Paoletta said employees who received layoff notices Thursday “are still CFPB employees for 60 days” and that the bureau “will continuously assess … workforce needs and assess and adapt and make appropriate changes to ensure compliance with statutory duties and account for changing circumstances.”
U.S. District Judge Amy Berman Jackson, who is presiding over the case that could determine the CFPB’s fate, issued a temporary restraining order Friday halting the layoffs, pending an April 28 evidentiary hearing.
“I’m willing to resolve it quickly, but I’m not going to let this RIF [reduction in force] go forward until I have,” Jackson said during a hearing, as reported by the Associated Press.
A union representing many of the CFPB’s staff sued Acting Director Russel Vought on Feb. 9, challenging what it characterized as the Trump administration’s “ongoing effort to dismantle the CFPB.” Consumer groups, including the National Consumer Law Center and the NAACP, joined the legal battle, and attorneys general of 13 states and the District of Columbia also filed an amicus brief seeking to forestall mass layoffs.
Jackson put layoffs of 1,200 CFPB workers on hold in a Feb. 19 temporary restraining order. But a three-judge panel from the U.S. Court of Appeals for the District of Columbia Circuit on April 11 ruled the Trump administration could lay off workers it had determined through a “particularized assessment” were not needed to perform duties mandated by Congress.
Trump administration details cuts
The CFPB provided that assessment to Jackson on Friday — the day after the layoff notices went out. In a five-page declaration, Paoletta detailed the cuts to be made in each of the bureau’s departments and why those workers were no longer needed.
Paoletta also submitted a memo that he sent to all CFPB staff on April 16, detailing the Trump administration’s supervision and enforcement priorities for the bureau.
Mark Paoletta
“The Bureau will focus its enforcement and supervision resources on pressing threats to consumers, particularly service members and their families, and veterans,” Paoletta said in the memo. “To focus on tangible harms to consumers, the bureau will shift resources away from enforcement and supervision that can be done by the states.”
Paoletta said in his court declaration Friday that the CFPB’s single biggest department, the supervision and enforcement division, will be cut from 487 employees to 50, as most of its workers no longer needed under the Trump administration’s new priorities, Paoletta said.

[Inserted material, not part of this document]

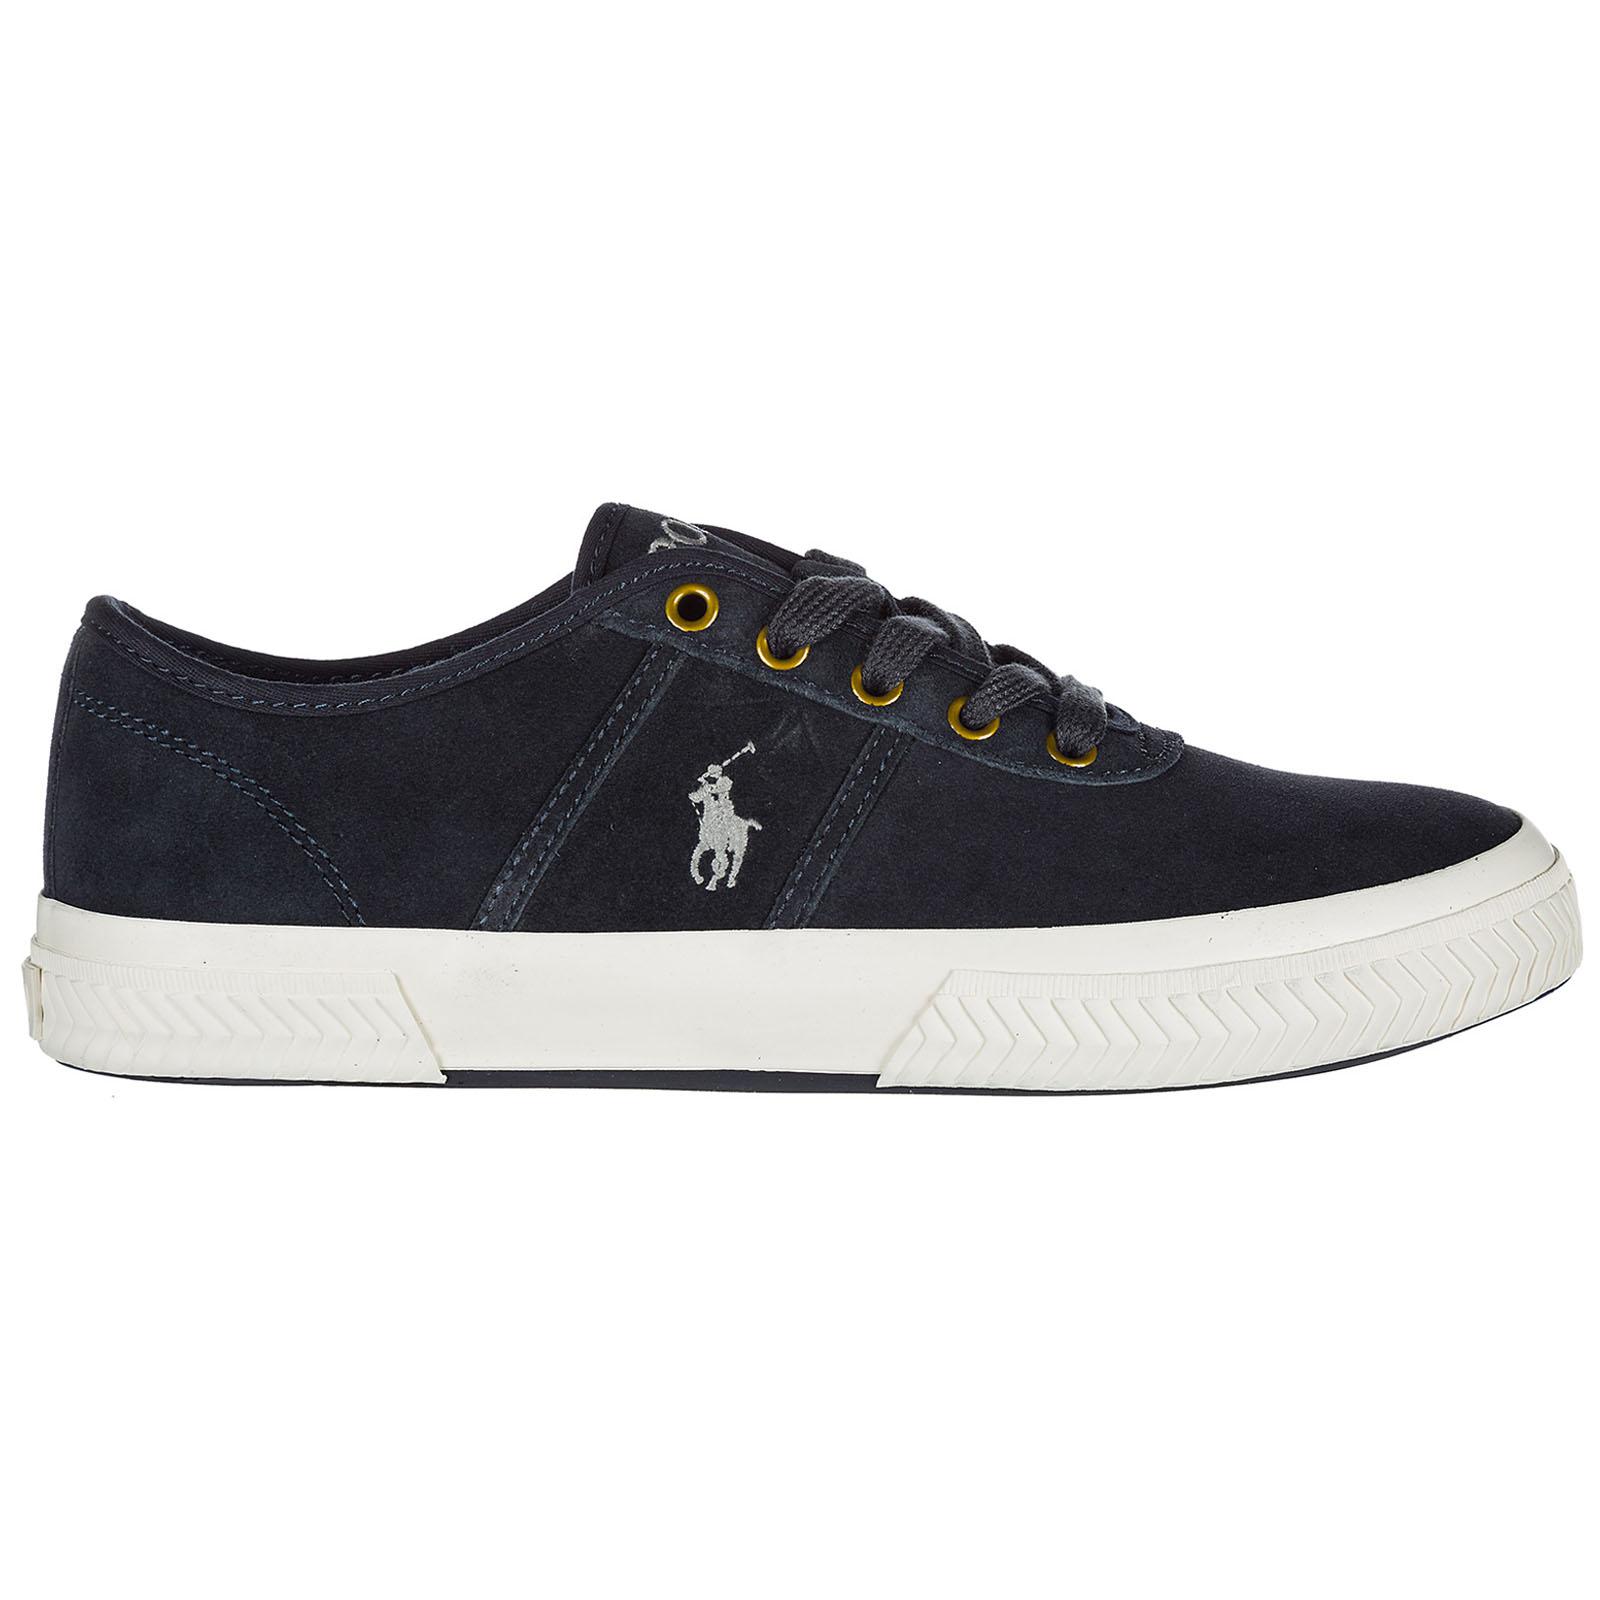 Scarpe sneakers uomo camoscio tyrian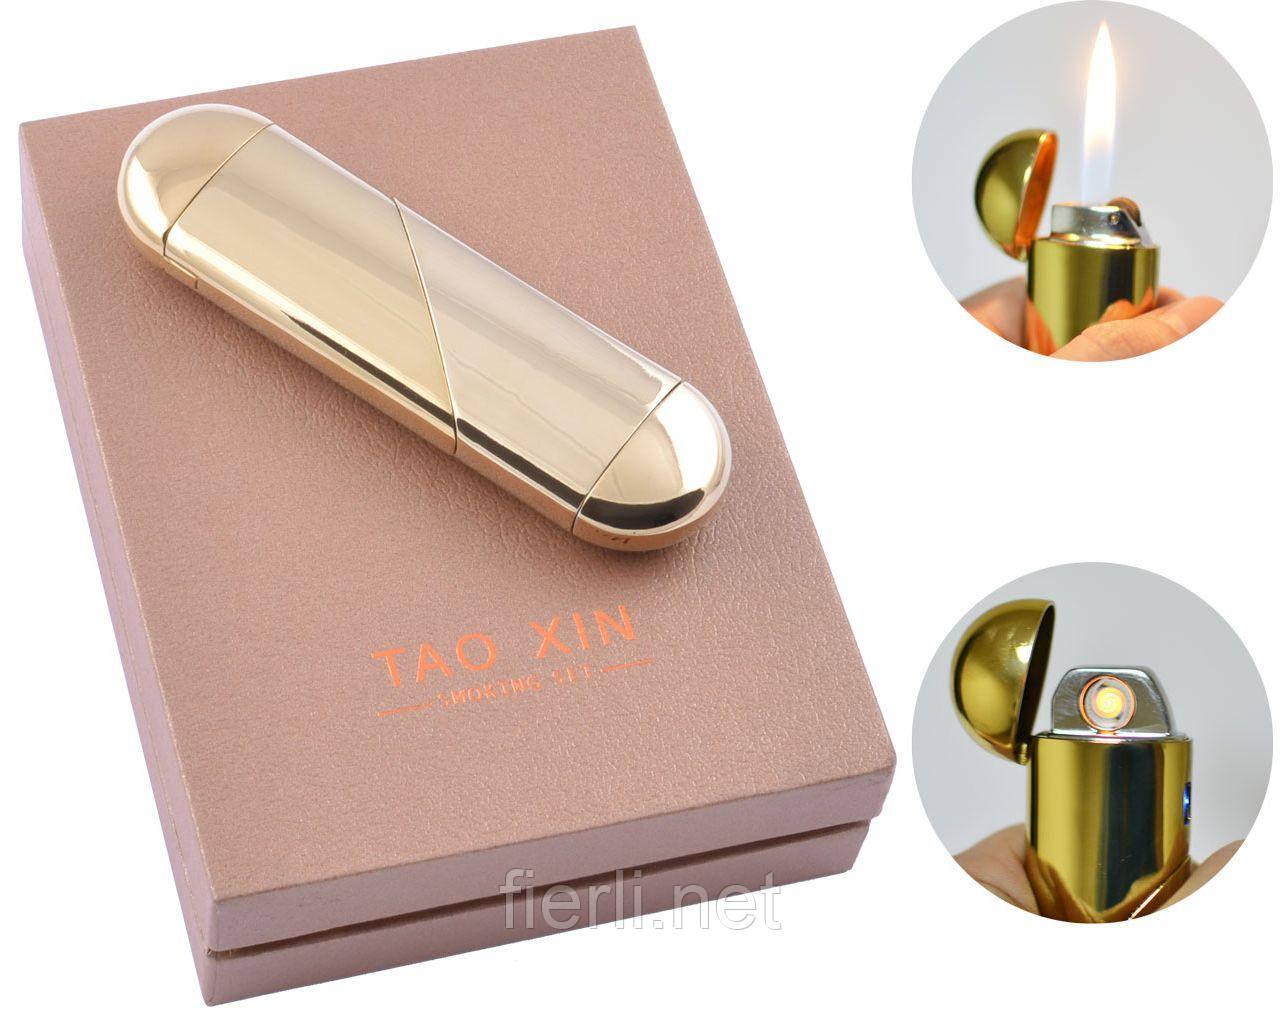 USB зажигалка в подарочной упаковке (Спираль накаливания, Обычное пламя) №4820

In his April 16 memo, Paoletta called for the supervision and enforcement division to “decrease the overall number of ‘events’ by 50 percent” with a focus on “conciliation, correction, and remediation of harms subject to consumers’ complaints” and “collaborative efforts with the supervised entities to resolve problems so that there are measurable benefits to consumers.”
The CFPB’s Operations Division of 323 employees performs duties “not required by statute” and will be cut to 30 employees, Paoletta said in his declaration.
The Research Monitoring and Regulations Division includes the Office of Service Members Affairs, the Office of Financial Protection for Older Americans, and the Office of the Private Education Loan Ombudsman.
While those offices perform duties mandated by Congress, Paoletta said he determined “that the statutory duties of each [office] could be performed by one person.” The division’s current staff of 230 employees will be reduced to 22.
Similarly, the CFPB Director’s Office includes the Office of Minority and Women’s Inclusion and the Office of Fair Lending and Equal Opportunity, which enforces the Truth in Lending Act (TILA) and Home Mortgage Disclosure Act (HMDA). Although those duties “are required by statute,” Paoletta said he determined “that the statutory functions of each of these offices could be performed by one person” and staffing in the Director’s Office will be cut from 86 employees to five.
The CFPB’s Consumer Response and Education Division of 149 employees will also be cut “substantially,” as the bureau “retains dozens of contractors to field consumer complaints,” Paoletta said.
Now that the Trump administration has provided a “particularized assessment” of why the employees it intends to fire are not needed to perform duties mandated by Congress, Judge Jackson will hear arguments to the contrary.
Lauren Saunders
“Congress created the CFPB to address the gaps that allowed nonbank mortgage lenders, student lenders, payday lenders and other nonbank companies to escape accountability,” Lauren Saunders, associate director of the National Consumer Law Center, said in a statement. “The CFPB cannot simply shirk the consumer protection responsibilities Congress gave it and expect states to enforce federal law.”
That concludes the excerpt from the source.